The Wider Belgian Context
Belgium punches well above its geographic weight in European fine dining, a fact that tends to surprise visitors more accustomed to France or Italy setting the regional reference points. Venues like Le Bernardin in New York City and Atomix in New York City demonstrate that French and Korean-inflected precision can sustain a global critical conversation; Belgium's contribution to that conversation runs through product quality, technique, and a density of serious kitchens that is disproportionate to its size. What distinguishes the rural Walloon end of that spectrum from its urban counterparts is not ambition but axis: the leading village tables are organised around the agricultural calendar rather than the hospitality calendar, and they attract a clientele that has made peace with that.

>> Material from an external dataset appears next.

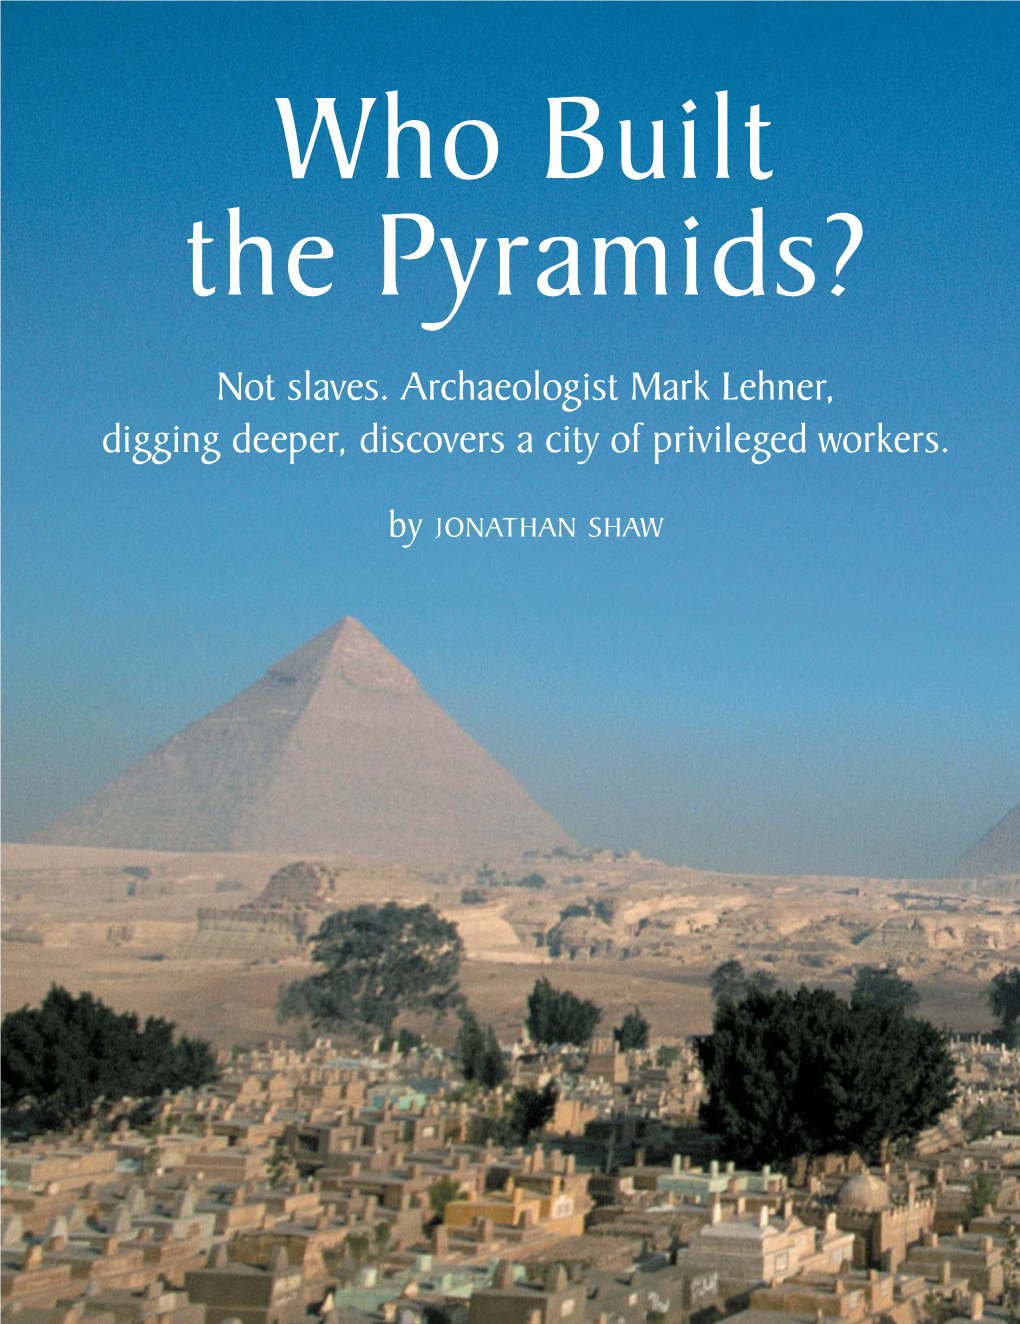 Jonathan Shaw, Who Built the Pyramids
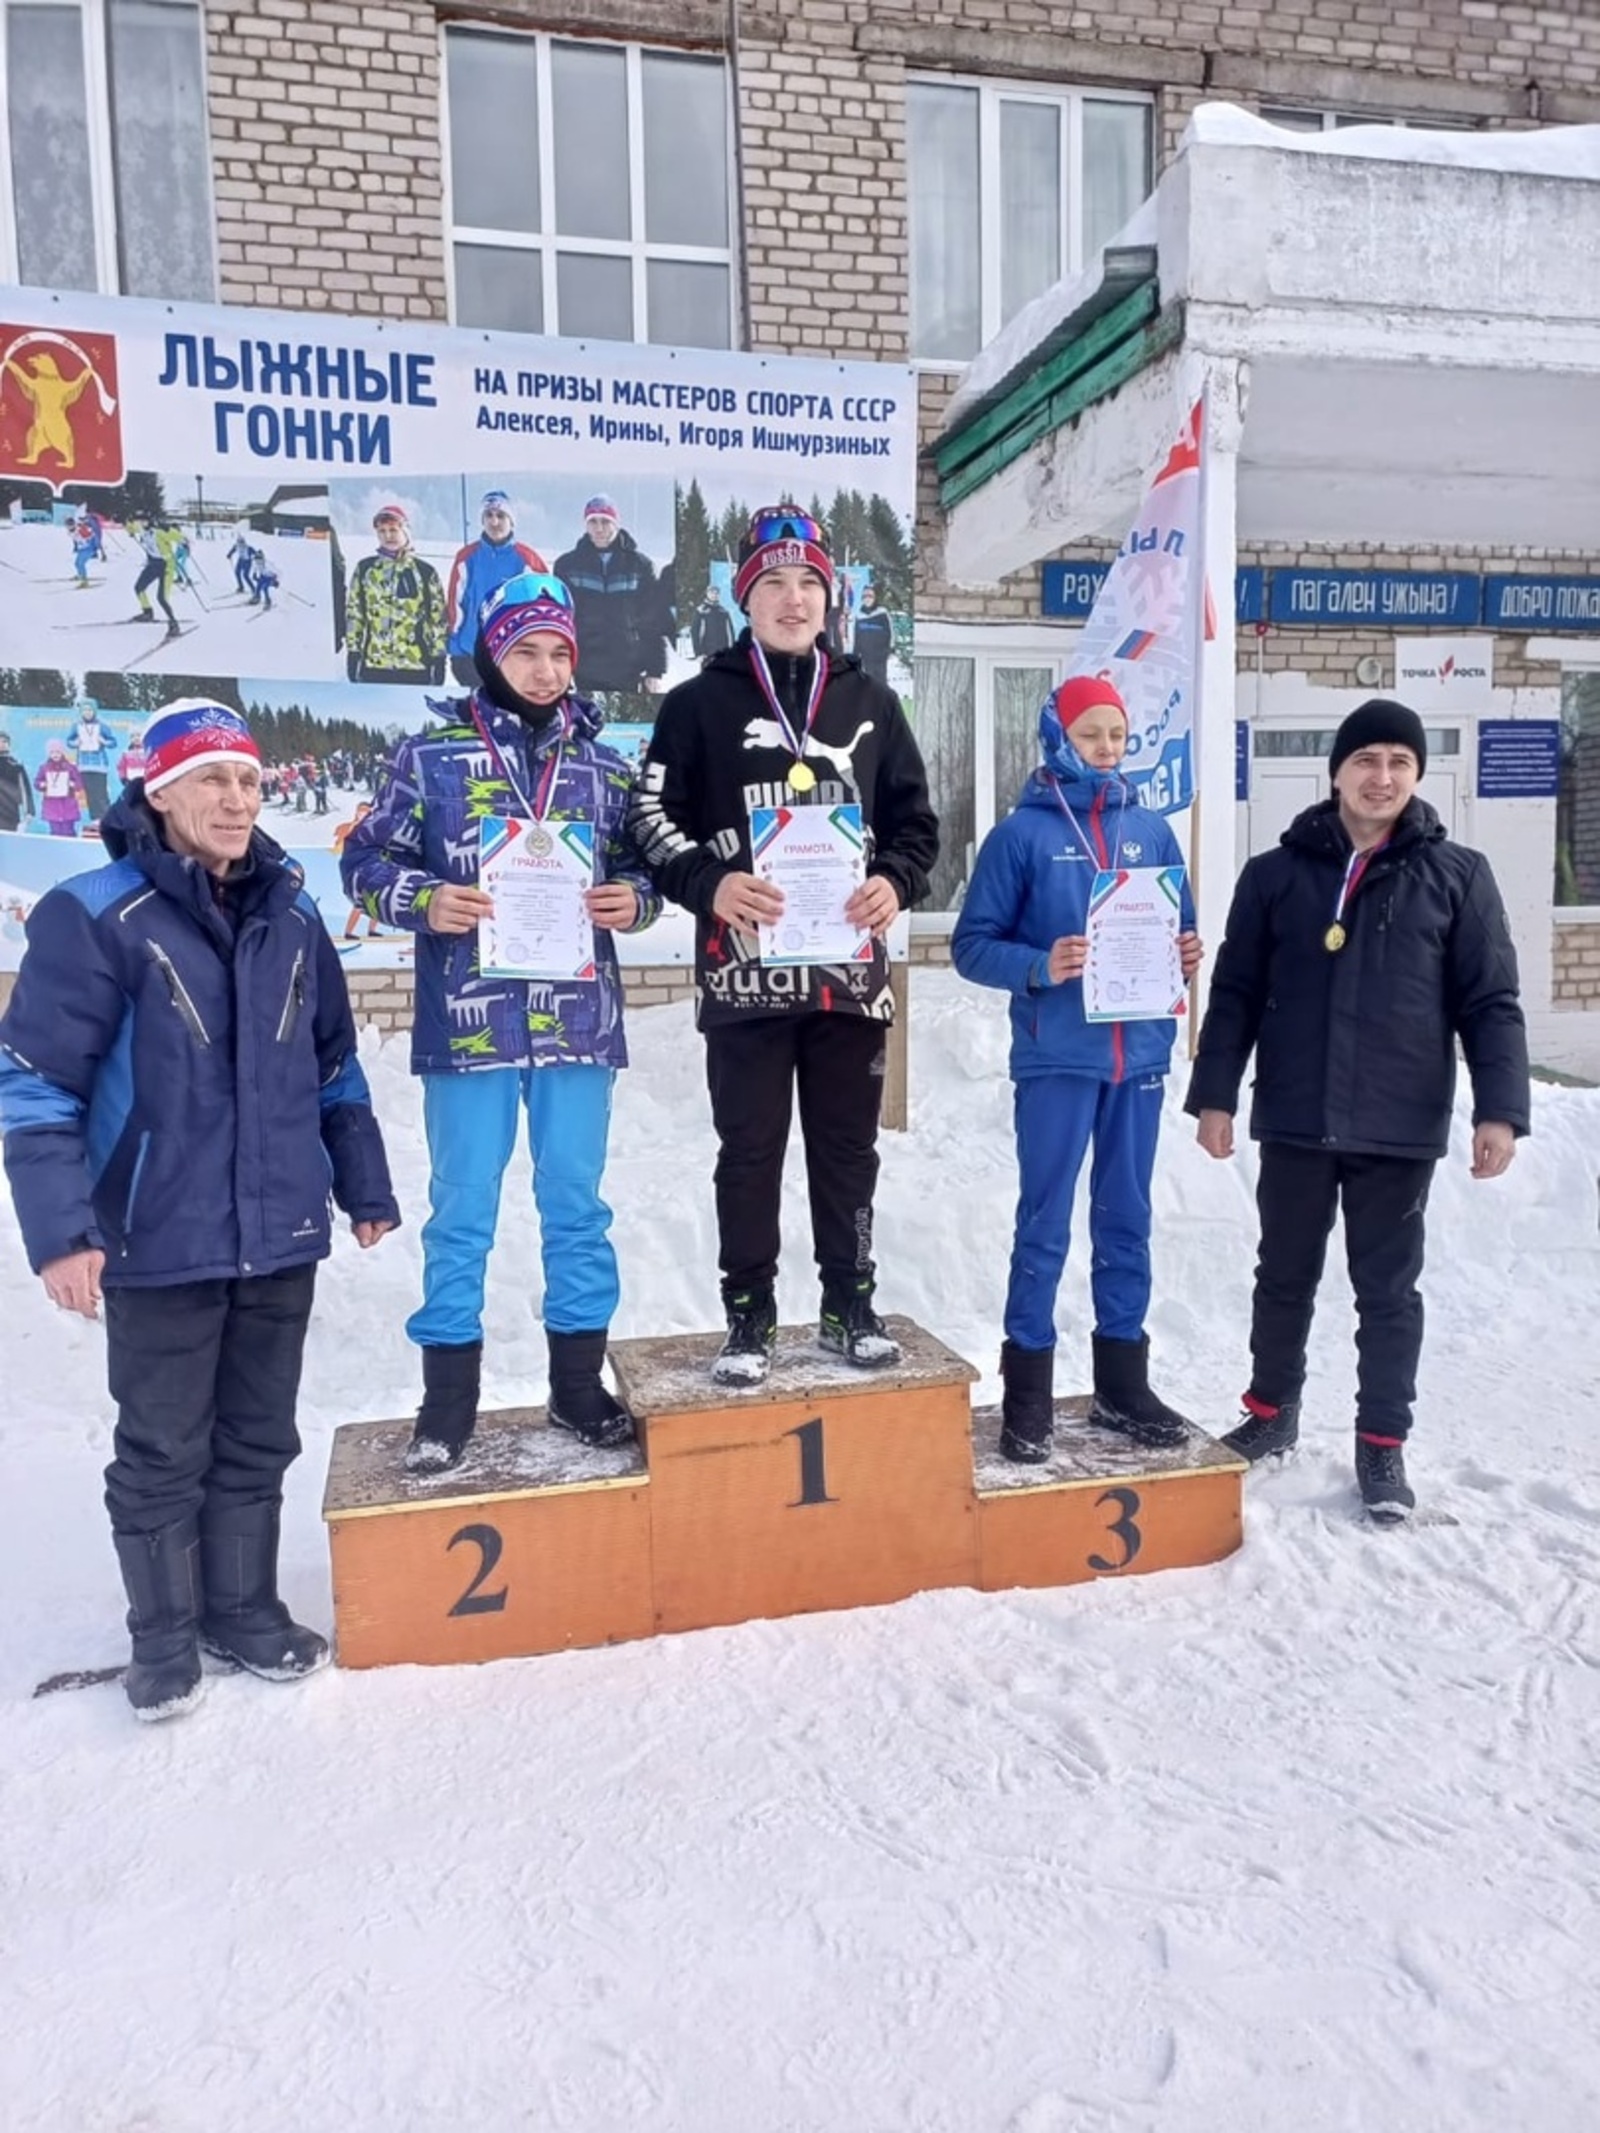 Жители Мишкинского района приняли участие в лыжных гонках, посвященных мастерам спорта Ишмурзиным

La table de Jeanne operates in that tradition, a Hainaut address working the logic of proximity and agricultural honesty that has come to define the more interesting end of Belgian regional cooking.
Comparable Spots, Quickly
Comparable venues nearby, for context on price, style, and recognition.
| Venue | Cuisine | Price | Awards | Notes |
|---|---|---|---|---|
| La table de JeanneThis venue — the venue you are viewing | Refined French Terroir | $$ | , | |
| L'Esprit Village | French Farm-to-Table Bistro | $$ | , | Thoricourt |
| Oscar | French-Belgian Brasserie with Thai Accents | $$ | , | Grand-Place |
| Table 22 | Modern French Brasserie | $$ | , | Welle |
| Brasserie de l'Expo | Classic French-Belgian Brasserie | $$ | , | Heysel |
| L'Envers | French-Belgian Brasserie | $$ | , | city centre |
At a Glance
- Cozy
- Elegant
- Intimate
- Rustic
- Date Night
- Special Occasion
- Family
- Open Kitchen
- Extensive Wine List
- Local Sourcing
Cozy and refined atmosphere with warm welcoming service, quiet yet convivial setting ideal for savoring seasonal dishes.